In practice, however, there are many challenges. These include:

  • serious shortages in trained personnel, particularly in Africa
  • low rates of surgery and irregular outreach to the poorest and rural populations
  • treatment costs that are too high for many poor and marginalised people
  • barriers, such as transport, lack of appropriate technologies and discrimination. These barriers make it difficult for vulnerable groups of people (the poor, minorities, the disabled, and women) to have access to eye care

User fees

User fees in public health facilities are a barrier to access and a major obstacle to achieving universal health coverage. To address this barrier, many countries have introduced exemption policies, such as free health care for children or other groups. Other countries have introduced national insurance schemes to help cover the costs of eye care.

Making progress

In Africa, Ghana’s National Health Insurance System now covers most ocular diseases, and almost every district has an ophthalmic nurse.1 Burkina Faso has made children under five exempt from paying health care fees. As a result, the number of children attending at health facilities has increased six-fold. It is estimated that this could save the lives of around 20,000 children every year, at a cost of just £3 per child per year.2

In the Eastern Mediterranean Region, Jordan and Saudi Arabia are replacing inflexible hospital-based programmes with comprehensive community-based screening initiatives. Saudi Arabia has incorporated prevention of blindness into its new primary health care policy with a dedicated budget line and training schedule.

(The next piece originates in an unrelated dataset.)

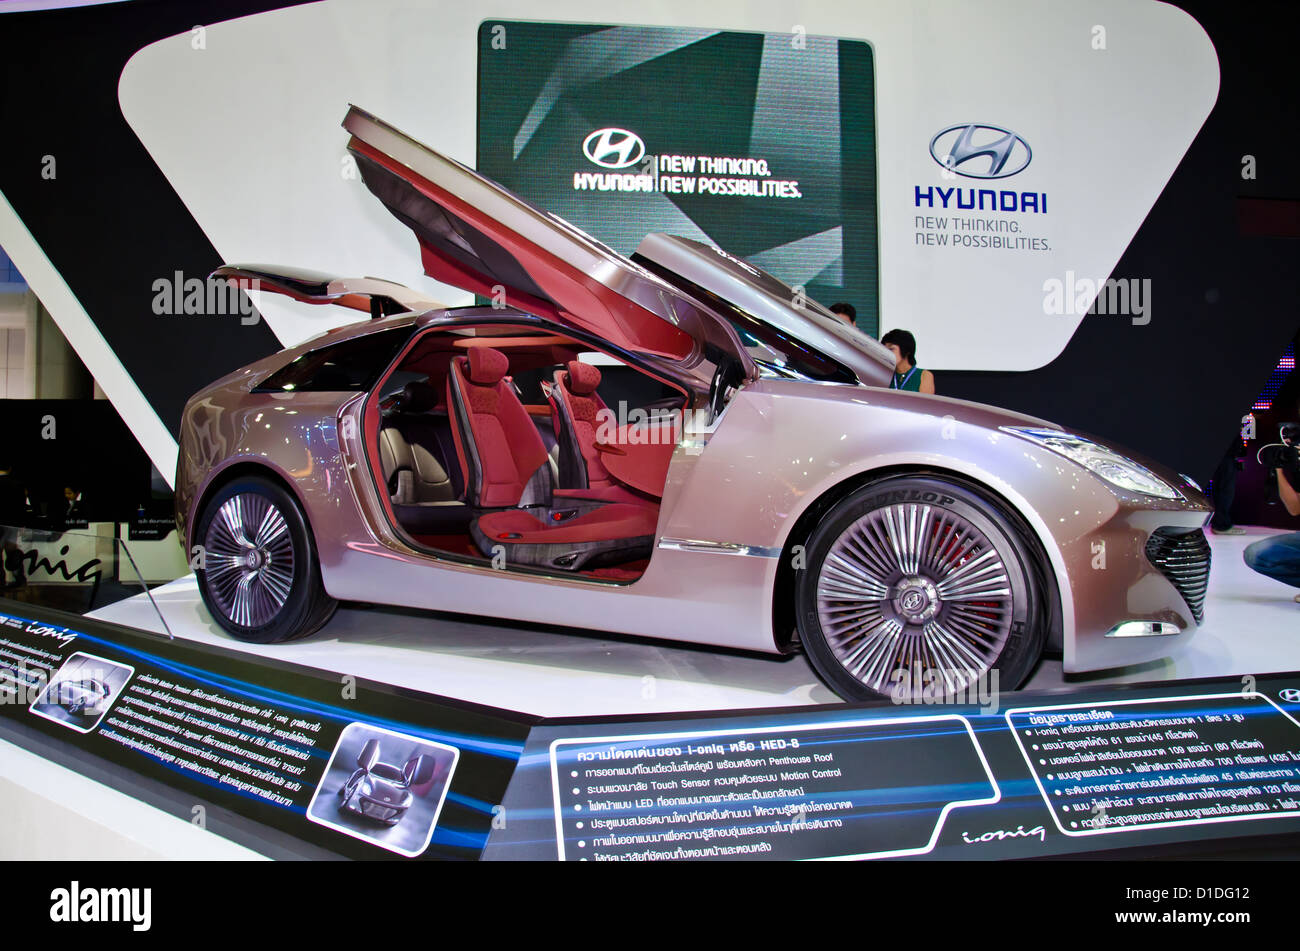 The Hyundai i.oniq car on display at The 29th Thailand International Motor Expo on November 28, 2012 i Stock Photo
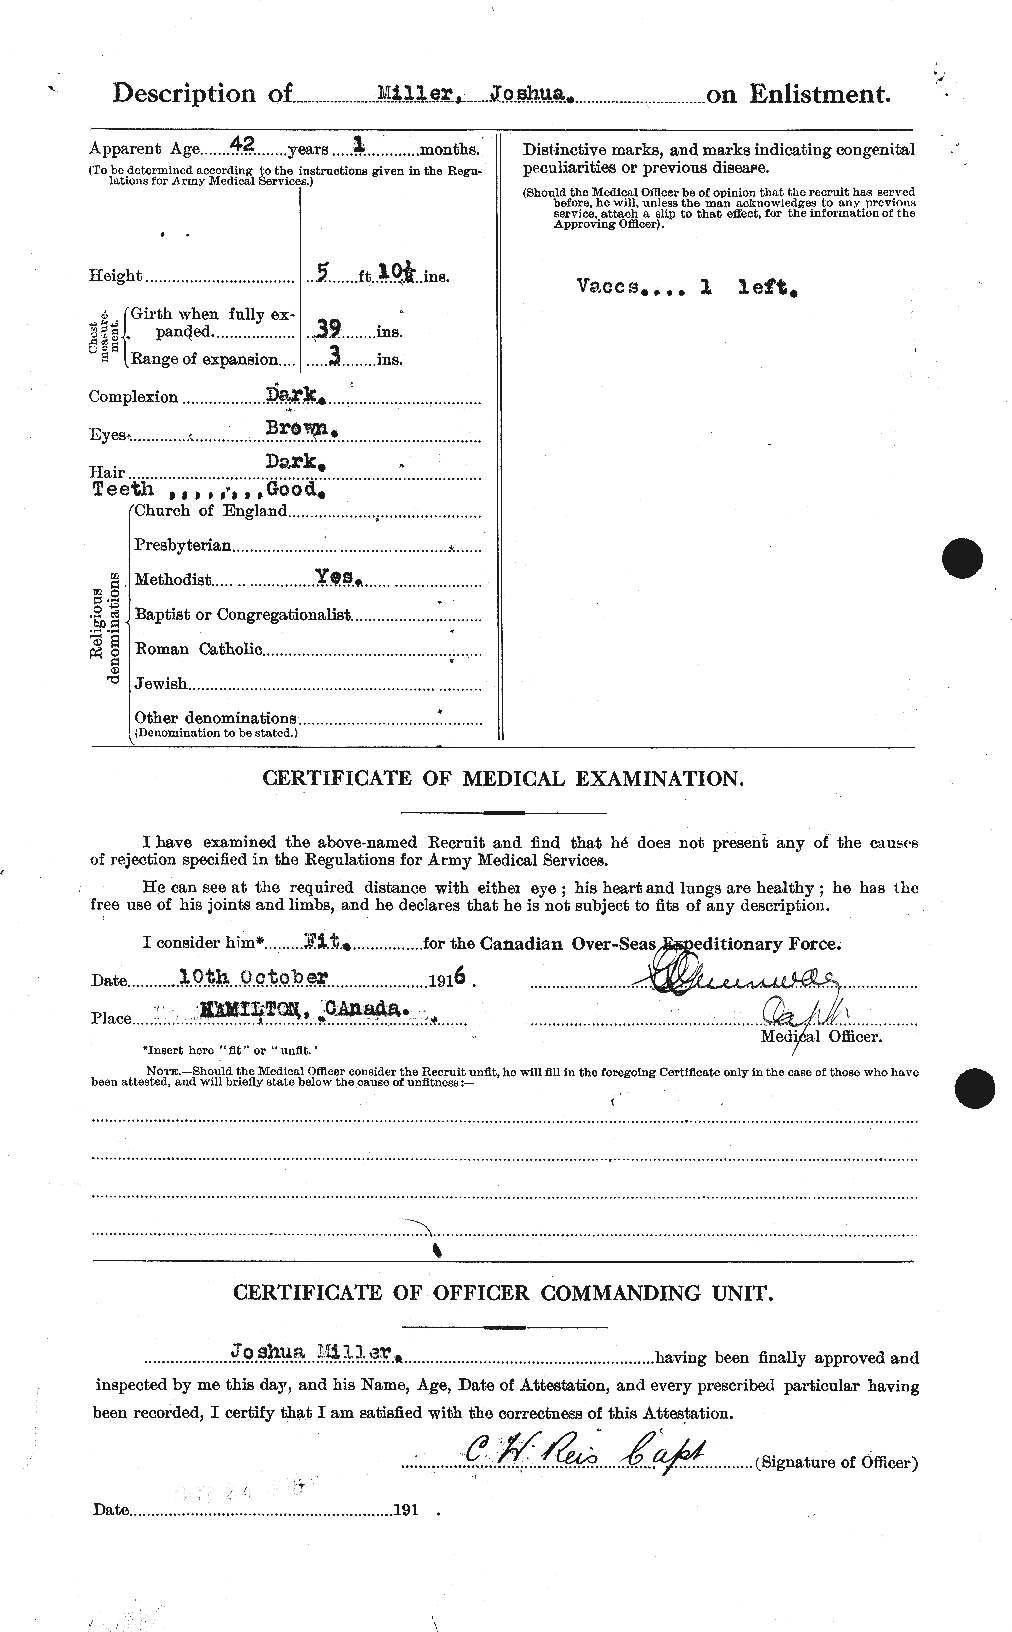 Dossiers du Personnel de la Première Guerre mondiale - CEC 499475b

In Europe, an indicator on eye health was included in England’s Public Health Outcomes Framework in 2012 to track the rates of three major causes of avoidable sight loss (glaucoma, macular degeneration and diabetic retinopathy).

In Latin America, the government of Chile (where 70% of the population is not covered by private insurance) guarantees universal eye health coverage, for example by paying the fees in full if the patient is unable to afford care. In areas where government institutions cannot provide care, private organisations offer services that are paid for by government.

Source

http://www.iapb.org/news/new-iapb-report-‘universaleye- health’-launched-world-sight-day

References

1 Potter, A., Debrah, O., Ashun, J., Blanchet, K., 2013, Eye Health Systems Assessment (EHSA): Ghana Country Report, Ghana Health Service , Sightsavers, International Centre for Eye Health.

2 Yameogo, P. Blanchet, K. Etude de faisabilité de l’exemption du paiement des soins curatifs chez les enfants de moins de 5 ans au Burkina Faso, Ministry of Health, Burkina Faso

Time to reflect

  • Has your country adopted the Global Action Plan? If it is a WHO Member State, then it has: visit www.who.int/countries/en/ to see if your country is listed.
  • What is needed in your district or country in order to provide Universal Eye Health?
  • Who are the decision makers who can act to make these changes?
  • What can you do to ensure access to eye health care for women, people with physical, sensory, and mental disabilities, the poor, people who are unemployed or in the informal sector, and/or refugees?